Friday, March 8, 2024
Activision and Delaware
Last week, Chancellor McCormick decided Sjunde AP-Fonden v. Activision Blizzard, which held that former shareholders of Activision had stated a claim that Activision’s board failed to comply with DGCL 251(b) when it approved the merger agreement with Microsoft. The draft agreement that the board reviewed was missing key details, such as consideration, the disclosure letter, and a plan to handle dividend payments between signing and closing. Those details were obviously filled in later, but the full board never formally approved the revised merger agreement – dividends, for example, were handled by committee. McCormick held that while a board need not review a formal, final version of the agreement, Section 251(b) requires that they at least review a version that includes essential terms, and plaintiffs had for pleading purposes alleged that the Activision board failed to do so. Due to the statutory violations, McCormick ultimately concluded, the plaintiffs had stated a claim for unlawful conversion of their shares.
So, here’s the thing. Of course boards should formally review the essential terms of a merger agreement before declaring the deal’s advisability for statutory purposes. How could it be otherwise? But at the same time, it seems, you know, likely, that the individual Activision board members eventually came to learn the full essential terms and approved them, at least in practice if not through formal action. Or, to put it another way, I think it’s unlikely there will be evidence that if the board had called a formal meeting to formally approve the final final merger, signed with a quill pen on a vellum scroll, the deal terms would have been any different.

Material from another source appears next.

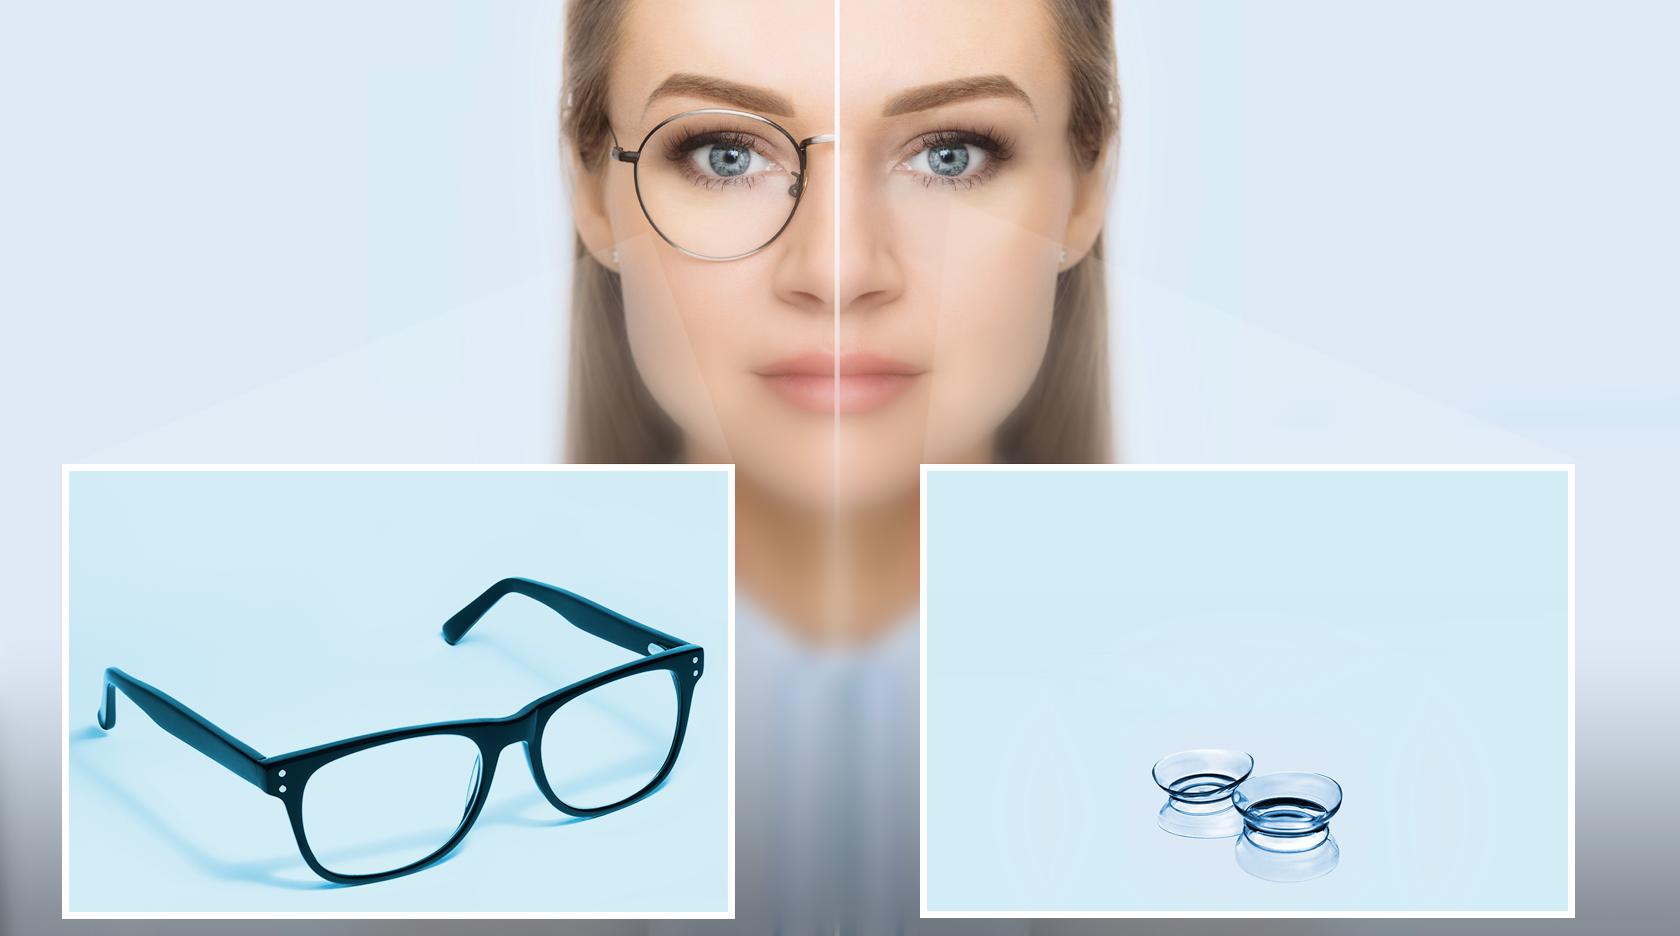 glasses vs contacts

So the shareholders would have gotten the same deal regardless. Meanwhile, the deal’s done; no way McCormick is going to unwind it. (One case even held there can be no conversion claims post-merger because of the impossibility of unwinding, see Arnold v. Soc’y for Sav. Bancorp, Inc., 1995 WL 376919 (Del. Ch. June 19, 1995), though I am not sure that makes sense; conversion claims can be maintained when property is destroyed or transformed.).
But, absent unwinding, the only remedy available to shareholders will be the fair value of their pre-merger shares. And there are some precedents about determining fair value of a tradeable asset – giving the victim the benefit of the higher price when there are fluctuations in value after conversion – but here, the asset itself disappeared from the market after conversion. Even if you looked to the pre-conversion price, Activision traded consistently below the deal price. And if nothing else, I imagine that McCormick might conclude the fair value in this context should be calculated the same way it would be in an appraisal action, which probably means deal price. Any way you slice it, I’m not sure what damages the shareholders can obtain, beyond nominal plus attorneys’ fees. So it seems like an awful lot of running around for something that doesn’t really provide much benefit.
And that, I think, was kind of the spirit of the grumblings about Delaware law I heard at the Delaware Developments panel at the Tulane Corporate Law Institute on Thursday. (I missed the Activision discussion that I gather occurred in the prior panel; anyone know if they talked about remedies?) Anyway, at Delaware Developments, mostly, corporate attorneys were complaining about new cases like Activision or Moelis that upset settled expectations and subjected corporations to unpredictable liabilities, but I think the spirit of the objection, and there’s some truth to this, is that it feels like formalities being enforced without a corresponding shareholder benefit. There may be a systemic benefit from adhering to the technicalities - governance restrictions in the charter, not a shareholder agreement, and of course boards should have the details of a merger agreement when approving it - but it’s hard to see the benefit to shareholders by enforcing them ex post in individual cases.
But that’s the weakness of relying entirely on a system of private litigation. Activision, for example, very much smacks of the kind of thing that should be handled with a regulatory fine and a stern warning to others. But that’s not on the table.